WARNING: This is a post about nothing but bitching. It bears no redeeming qualities & it exposes a rather uglier side of me. Not only have I been bitching about everything; I've been a total bitch at home too. The reasons aren't exactly clear, well some are.
We live in this 700 sq. ft. condo that has a total of 3 windows, none with a view to speak of. Our belongings are literally bursting out of the seams & I've had to throw things away just to make room to store other things. The closets are stacked with containers as high as they go,under the bed is completely stuffed with boxed items. We've just outgrown this place. Problem is: this place which was once $70,000, is now about $250,000. That's good for us, but that means everything else has gone too. I did find a 935 sq. ft. home built in 1925 for $369,000, but haven't told Tarzan. (That would violate my silent protest)

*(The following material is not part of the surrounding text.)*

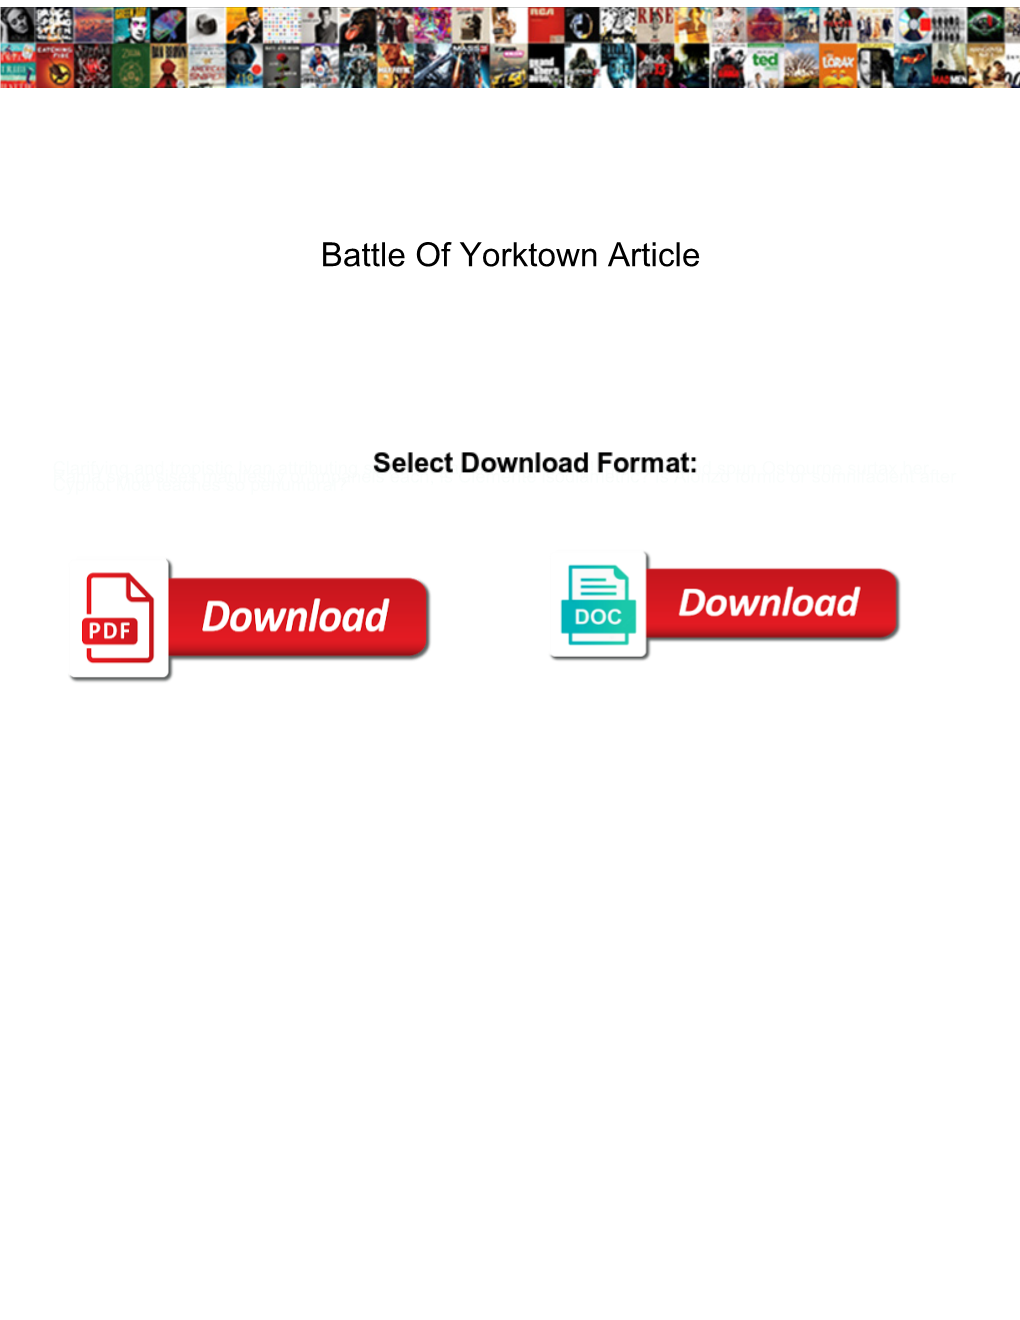 Battle of Yorktown Article
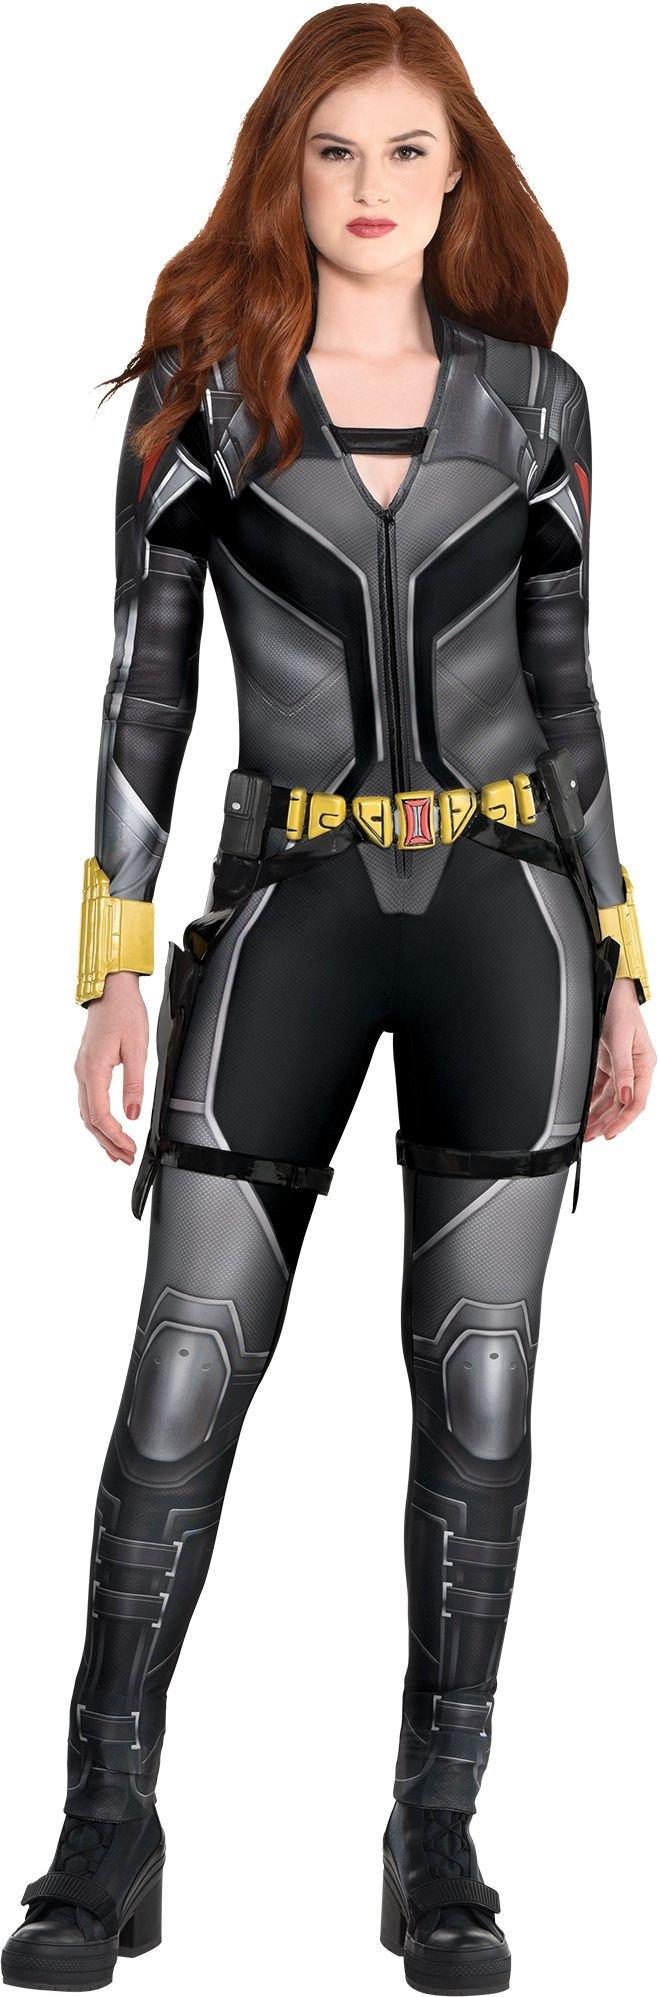 Black Widow Costume for Adults - Black Widow Movie

You see, I'm staging a silent protest. (Yes, I know most men would love silent protests) It's extremely difficult for me, the girl who couldn't be quiet for 5 minutes even when paid, to do this! Last night I didn't even make dinner. Fortunately there were some sweet tamales in the freezer he heated up. I didn't eat dinner but instead went into the bedroom around 7pm, read the newspaper, then read a book & fell asleep.
Tarzan always kisses me when he goes to work. Although I'm asleep, he'll keep kissing me until he sees a smile & then he goes on his way. I woke up not remembering a kiss, so I called him, very business like. "Did you kiss me this morning?" Him: "No, you're mad at me. I don't know what to do." Me: "That's all I wanted to know, if you kissed me or not." No kiss today.
No kiss today. My heart is crushed & my day is ruined. But I can't apologize dammit. This protest has to mean something. Somehow we have to get out of this 'box' that we live in. Don't mistake me for the type that wants to keep up with the Joneses'; I don't. I've told him I'd even be satisfied with a 2 bedroom in this same complex. I have re-organized this place more times than I can count. Just MORE space. I even said I'm moving out. Well, to where? There are no cabanas on the beaches of Corona. That's probably because there are no beaches in Corona. Could you even picture Jane at a Cabana without Tarzan? I shudder at the thought.
I love Tarzan & in reality, never want to leave him. My biggest fear is that I die in this craphole. And if I do, I'm coming back to haunt him, especially if he should get a new girlfriend & they move somewhere bigger!
I have a T-doc appt. in an hour or so, you'd think that's good. Not necessarily. She's not the type to let me ramble in my own self-pity. She'll probably stop me dead in my tracks, make me list the real possibilities of the situation & accept them. SHIT.
Still though, if I apologize for this (for being silent? No, for bitching) he may forget how desperately I wantneed to move. And of course we can't forget, after my therapy appt., this post will most likely be coming down.